The "DSU" approach is a little inefficient. Instead of using a dictionary as our data type to solve the mode problem, we could use counter() from the Collections module. Read more about counter() and try it out here:
In [ ]:
## Experiment with using counter() here.
In [19]:
def statistics(path):
"""
Takes as input a path to `read_csv` and the field to
compute the summary statistics upon.
"""
# Uncomment below to load the CSV into a list
# data = list(read_csv(path))
# Fill in the function here
stats = {
'maximum': data[-1]['SALARY'],
'minimum': data[0]['SALARY'],
'median': data[count / 2]['SALARY'], # Any potential problems here?
'mode': freqs.most_common(2),
'mean': total / count,
}
return stats
Keep playing with the above function to get it to work more efficiently or to reduce bad data in the computation - e.g. what are all those zero salaries?
Congratulations if you've made it this far! It's time for the bonus round!
You've now had some summary statistics about the salaries of NBA players, but what we're really interested in is the relationship between SALARY and the rest of the fields in the data set. The PER - Player Efficiency Rating, is an aggregate score of all performance statistics; therefore if we determine the relationship of PER to SALARY, we might learn a lot about how to model NBA salaries.
In order to explore this, let's create a scatter plot of SALARY to PER, where each point is an NBA player.

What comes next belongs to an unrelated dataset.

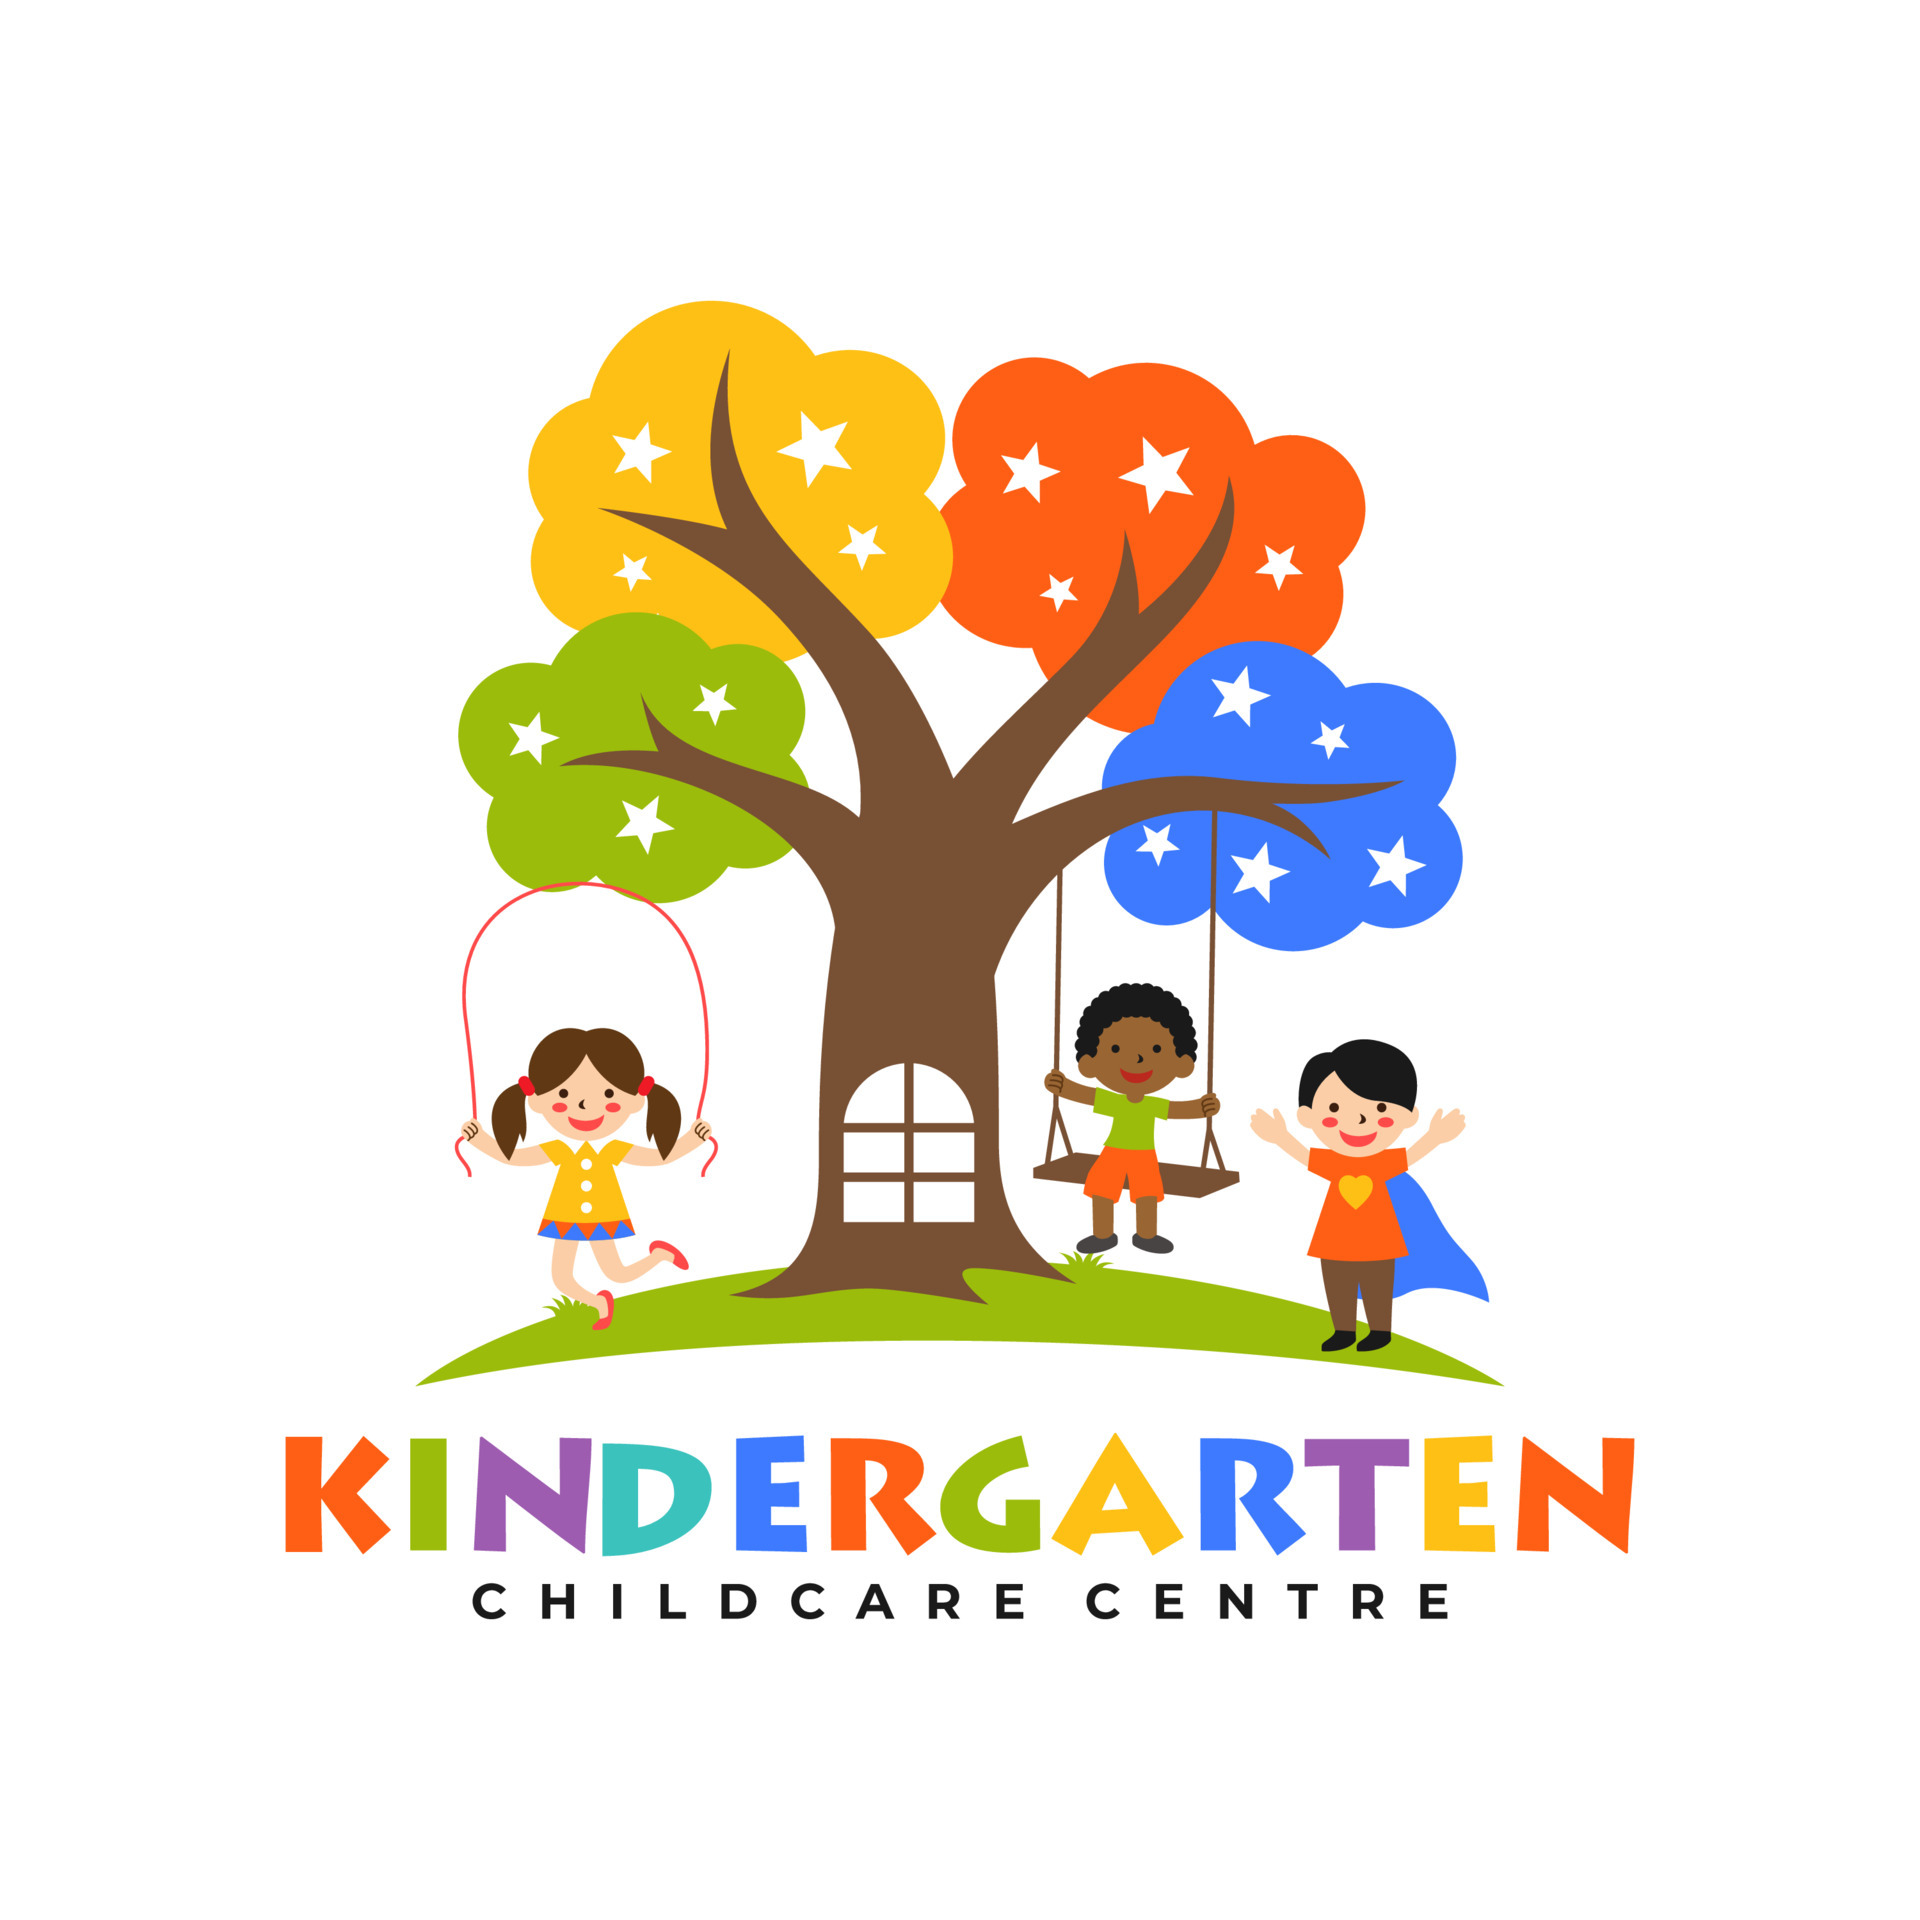 Kids Kindergarten Logo Templates 6470651 Vector Art At Vecteezy

Visualization is going to require a third party library. You probably already have matplotlib, so that might be the simplest if you're having trouble with installation. If you don't, pip install it now! Follow the documentation to create the scatter plot inline in the notebook in the following cells.
In [20]:
# Insert your Python to create the visualization here
import os
import pandas as pd
import numpy as np
import matplotlib.pyplot as plt
%matplotlib inline # Makes the plot appear inline in your iPython Notebook.
def read_data(path):
# Pandas is an efficient way to wrangle the data quickly
return pd.DataFrame(pd.read_csv(path))
def graph_data(path, xkey='PER', ykey='SALARY'):
data = read_data(path)
## Fill this in yourself!
plt.show()
graph_data('fixtures/nba_players.csv') # Or whatever your path is
Nice work!! Matplotlib is pretty useful, but also kind of bare bones. Once you're ready to experiment with other libraries and take your visualizations to the next level, check out the following:
Our favorite is Bokeh - it's interactive!